Under the terms of the agreement, Yorkville has committed to provide up to CHF 30 million (US$29.9 million) in equity financing over a 36 month period in individual tranches of up to CHF 1,000,000 (US$999,900) each.
In exchange for the funds to be provided, Yorkville will receive Evolva shares at a price which will be determined anew each time a SEDA tranche is called. The shares will be placed at a 5% discount to the market price – which is in line with Swiss market practice for private placements. Evolva and Yorkville have successfully worked together on a similar basis in the 2011-2013 period.
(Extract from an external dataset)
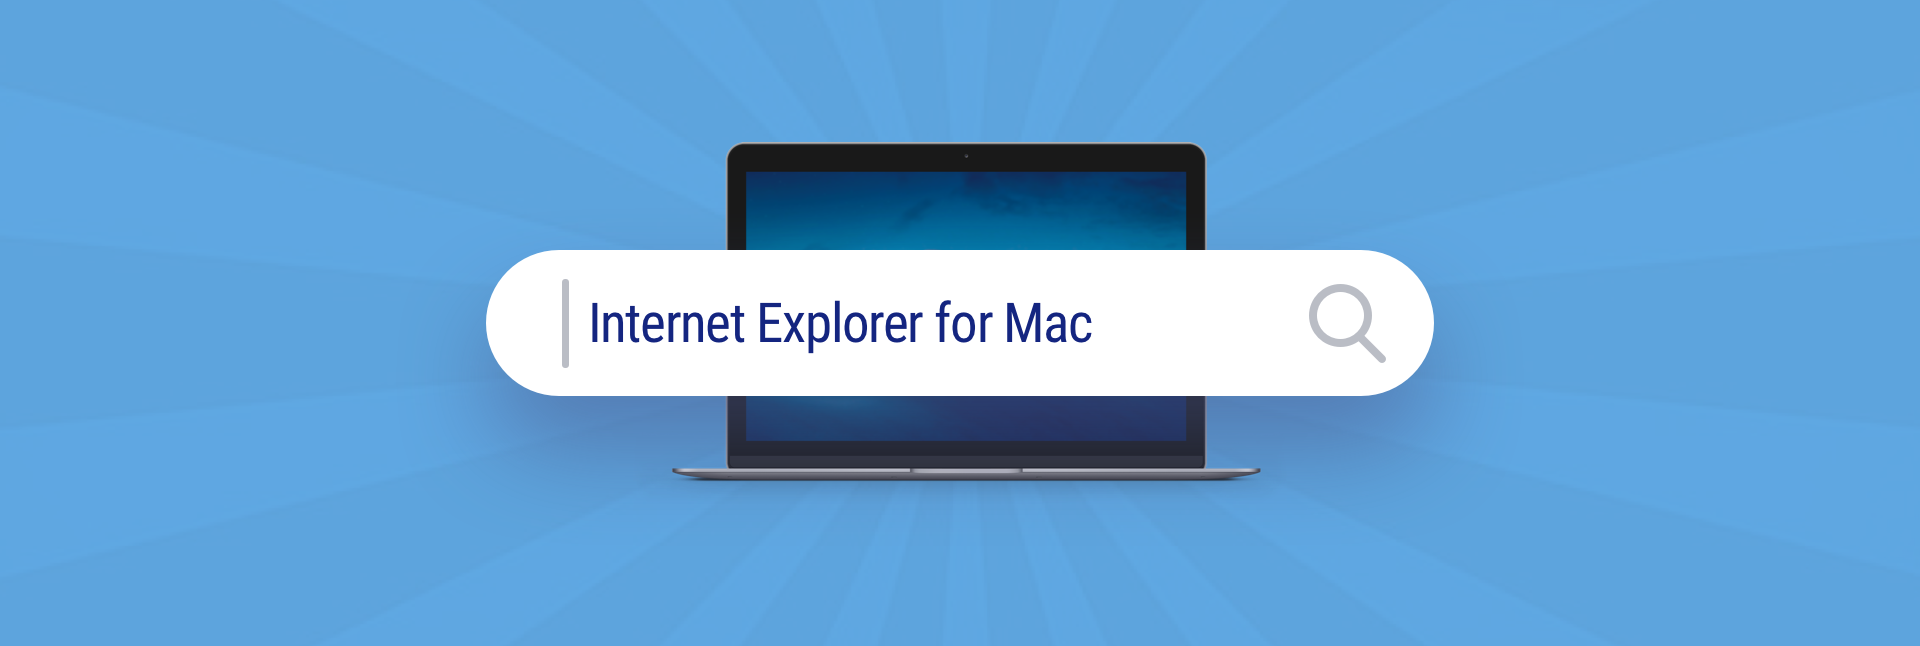 ms explorer for mac

The SEDA has been established as part of the medium-term funding of Evolva’s operations. If Evolva were to utilize the SEDA in full, the cash runway would be extended by roughly one year. It remains at the sole discretion of Evolva to determine if and when to draw from the facility.
In return for the three year investment commitment provided by Yorkville, Evolva will pay an initial upfront fee of CHF 250,000 (US$250,000)in cash. Two additional instalments of CHF 200,000 each (settled in cash or Evolva shares) will be due when the amount drawn from the facility crosses CHF 10 million (US$9.9 million) and CHF 20 million (US$19.9 million).
Evolva will create an initial block of 25m treasury shares out of authorized capital which may be used for future share issues under the SEDA agreement or other financing purposes. At the current share price (CHF 0.59) the total commitment represents a maximum of approximately 51 million shares. At the date Evola published its information, the number of Evolva shares in issue is 399.2 million.
“The SEDA provides us with financial flexibility, which is key at our current stage. Moreover, it has a reasonable pricing, limiting dilution for our current shareholders. It is a great addition to our financing toolkit. We have worked with Yorkville before and I am confident the facility will work as smoothly as it did back then,” says Oliver Walker, CFO of Evolva.
On 10 January 2017, Evolva published a preliminary, unaudited revenue estimate for 2016 of CHF 9 -10 million (US$8.9 - 9.9million). After further analysis, the number is expected to be CHF 9.6 million (US$9.6 million). based on the unaudited 2016 numbers, Evolva’s net loss will be around CHF 36 million (US$35.9 million), versus CHF 31.8 million (US$31.7 million) in 2015. The 2016 number is in line with current market consensus.
Cash and cash-equivalents at year-end 2016 amounted to CHF 47.5 million (US$47.49 million), as published in January. The complete, audited financials will be published on 30 March 2017 and the Annual General Meeting of shareholders will take place on 16 May.